莫罹难得惊诧了一下——这人说的话,正合他的心意——他暗中道:就算是天是神,也没有管别人一生一世的道理。
另一个柔婉的女声似真似假的叹道:“偏你说话这么刻薄,辜负了师父的教诲。”
那个清冷冰寒的声音道:“刻薄?说说就是刻薄,那世人行事岂不是更刻薄?”
一个低沉男子声音道:“薇薇,别只顾着和小师弟斗嘴,底下有人受伤了。”
柔婉女声嗔道:“是是是,我下去看看。”
话音落下,一抹娇俏的嫩绿飘然下楼。
铁手在楼上人说话时就微微凝眉,此时见那嫩绿衣裙的女子下楼,轻功身法竟不带一丝烟火之气,不由得暗自诧异,却见那女子径自朝着门边昏死的人走去,蹲下把脉,铁手见女子手指纤细苍白,既不像医者的手指,也不像武者的手指,更为惊诧,一边和莫罹追命坐下,一边留心看着。
“大师哥,这人不妨事,只是撞的狠了。”嫩绿衣衫的女子扬声说了一句,从袖中取出个瓷瓶放在那人鼻端片刻。
那人痛苦的睁开眼,“唔……”
嫩绿衣衫的女子柔声道:“你身上没有重伤,回去的时候走得慢些,歇息一日就好。”
那人犹自不知道是和境地,女子却已经翩然上楼,柔婉的声音带着笑,“大师哥,我的汤还烫不烫?”
低沉男子声音道:“晾好了。”
冰冷冰寒的声音道:“你饭还没有吃完。”
女子笑道:“哎呀,我给忘了。”
便是一阵嬉戏声音。
铁手皱眉,低声对莫罹道:“楼上三个人不简单。”
追命连日赶路,在等着上菜时就靠着莫罹睡着了,莫罹一边虚扶着他不让他睡梦中摔了,一边低声应着铁手的话,“女子轻功身法诡异,用药高明,另外两个不好定论。”
铁手道:“江南到底是人杰地灵。”
正巧客栈小二过来上菜,闻言,笑道:“这位爷可算是说对了,江南山好水好人也好。”
铁手本是一句感慨,此时见方才被混战两拨人吓得畏畏缩缩的小二已经恢复如常,还来插科打诨,倒是觉得好笑,问道:“你倒是说说,好在哪里?”

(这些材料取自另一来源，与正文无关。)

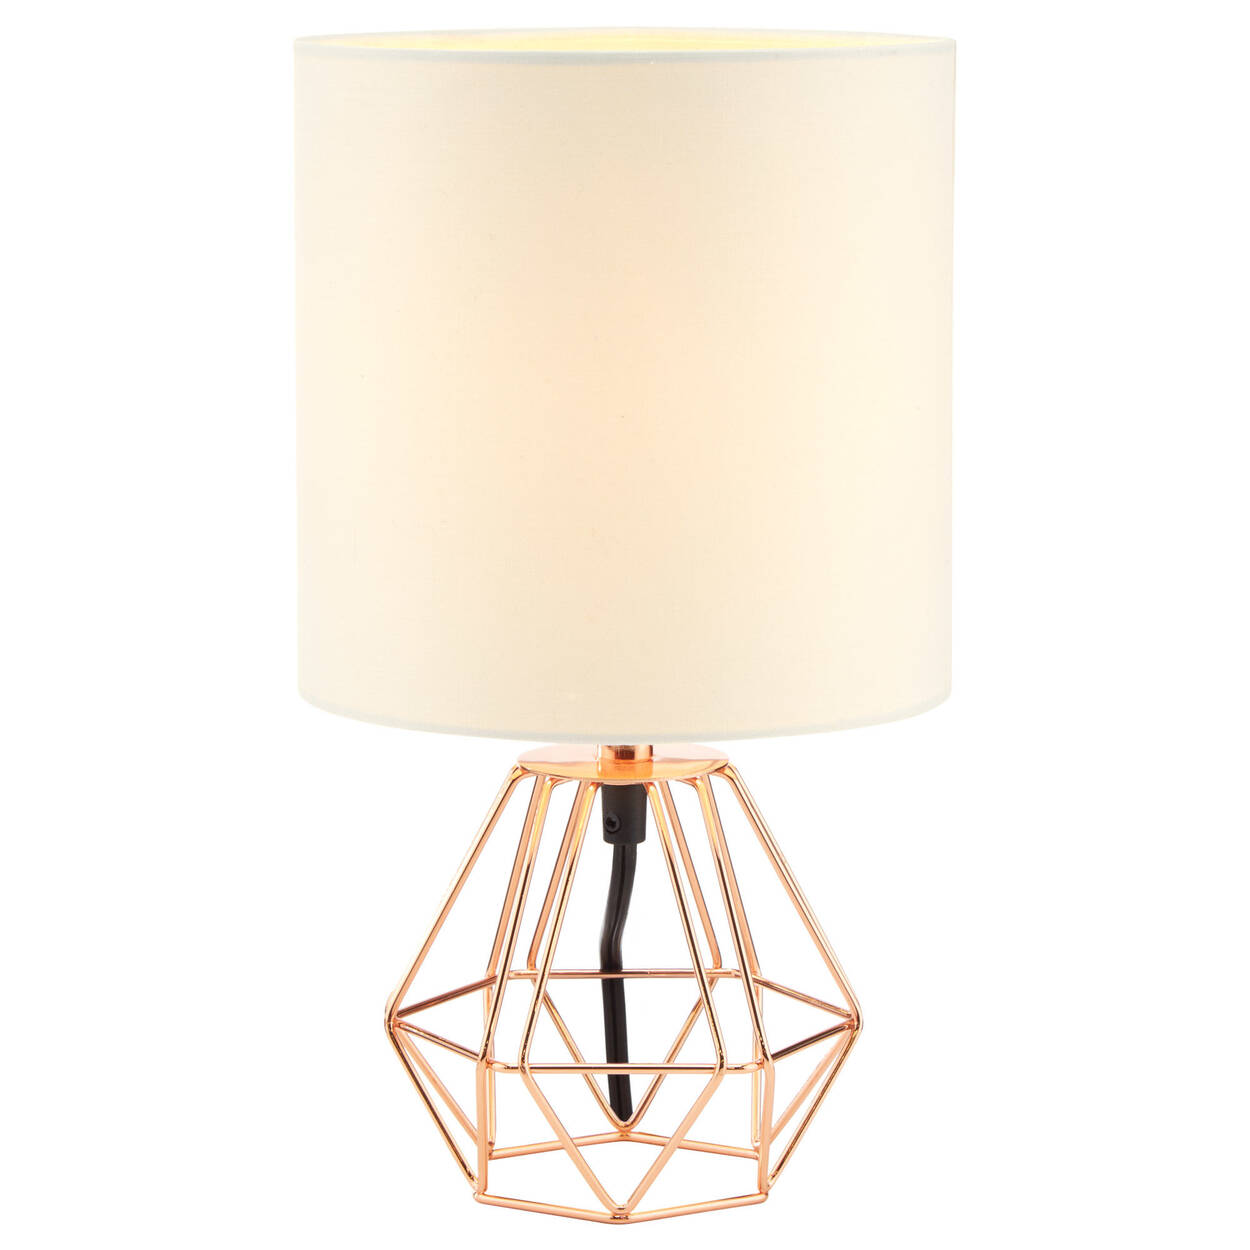 Geometric metal wire table lamp bouclair geometric metal wire table lamp mozeypictures Images

小二笑道:“江南山好水好,那是不必说的,几位公子都是有见识的,前人典籍记载江南山水的何止万千。”
“至于为何人好,我跟兄台说说,如何?”楼上那低沉声音的男子接口道。
铁手向上拱了拱手,一道横栏,隐约见楼上人也举了举杯,铁手笑道:“兄台若是愿意解惑,在下求之不得。”
楼上男子先问道:“兄台是从京师来的?”
铁手道:“不错,我与两位朋友从京师来此。”
男子笑道:“那兄台必然知道,‘血河红袖,不应挽留’之名了。”说着,男子喝了杯酒,继续道:“那是你们京城人的说法,在江南,我们说的是‘青楼沉香,凤翎新辞’,‘青楼梦,沉香残恨;凤翎冷,新词半阙’。”
铁手自然知道“血河红袖,不应挽留”,那是名动京师乃至江湖的名刀名剑,至于男子口中的“青楼沉香,凤翎新辞”,铁手确实不曾听说过。
“在下愿闻其详。”
男子悠然道:“青楼在楚,指的是楚家楚昭的青楼剑,落魄江湖载酒行,青楼如梦掌中轻。青楼剑剑出之时恍然如梦。”

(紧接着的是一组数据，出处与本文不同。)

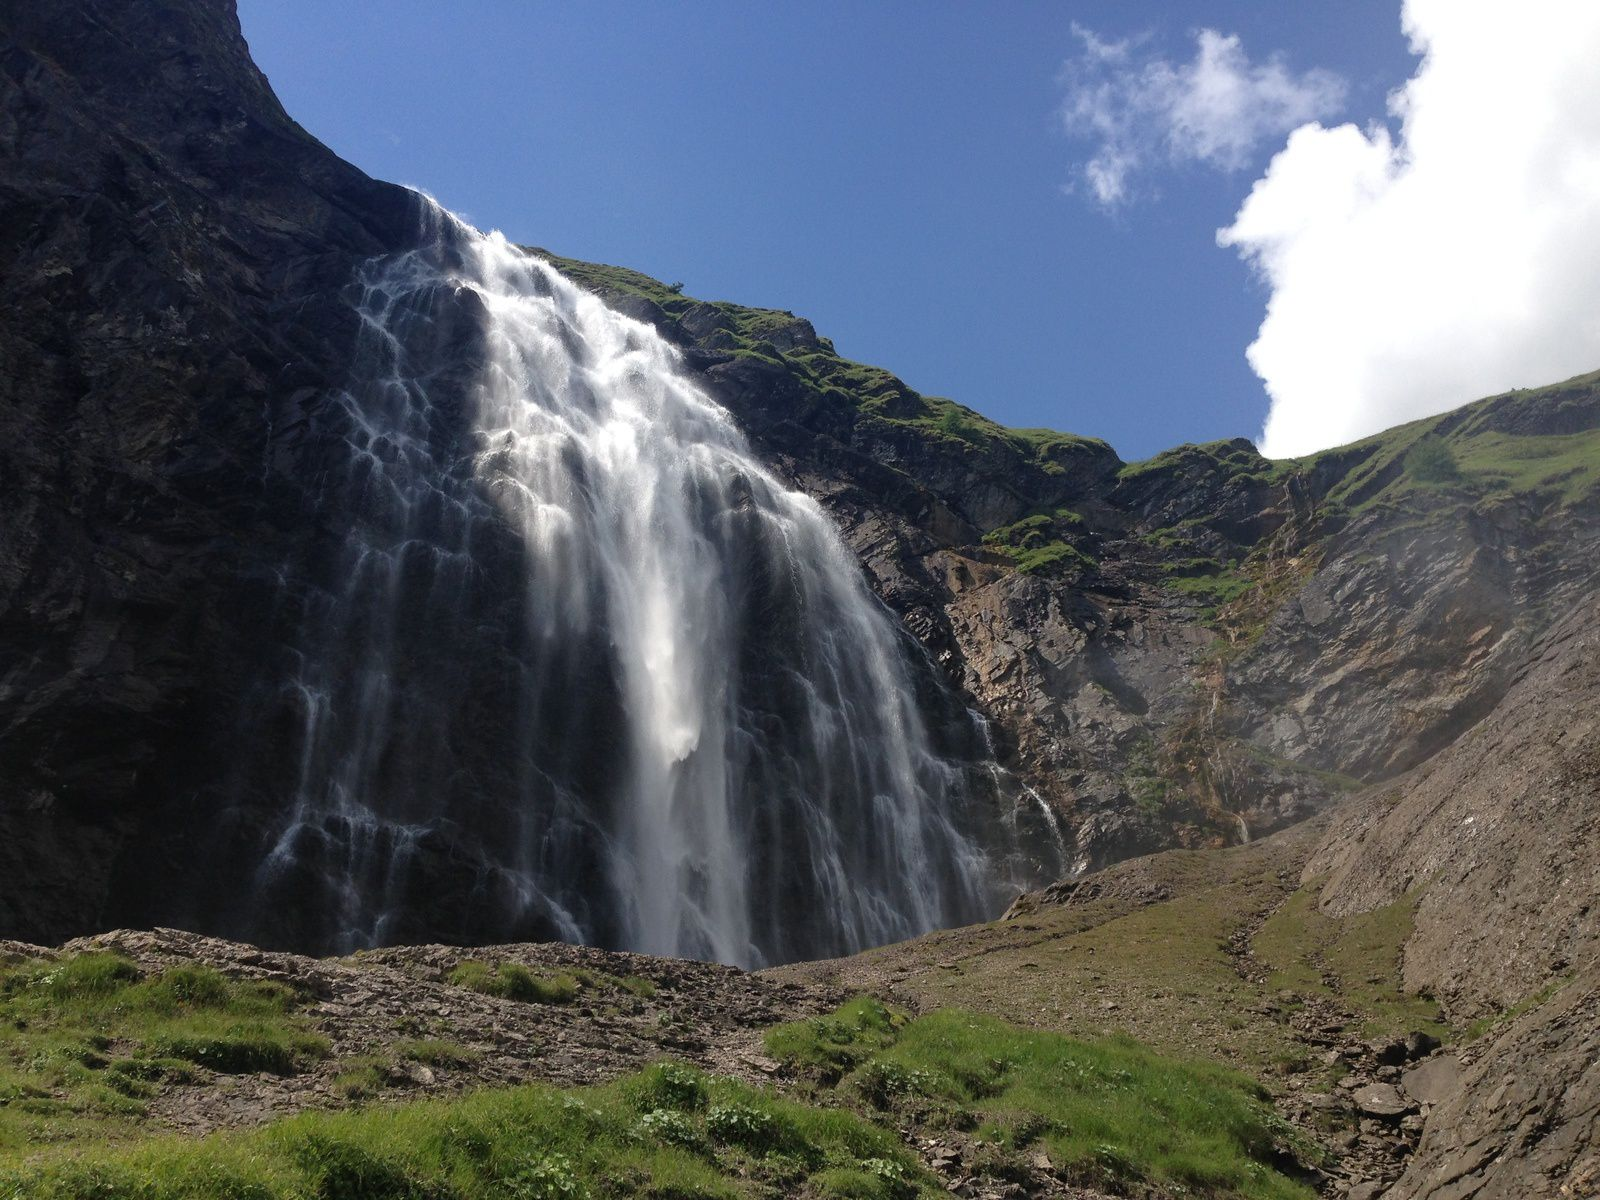 mardi  18 juillet: Cascade de l'Engstligen à Adelboden

女子接口笑道:“何止,我曾有幸见过楚昭使青楼剑,淡青色的剑身,像是一痕琉璃一般,剑出之时之间一片惊艳的青色,等到回神之时,青楼剑已经让人永沉梦中。”
铁手道:“那沉香又是何物?”
男子道:“沉香属秦,指的是秦家秦景的沉香扇,青衣沉香且半敛,断魂秦魄莫急唤。沉香残恨,即了断别人的残恨,也了断自己的残恨。”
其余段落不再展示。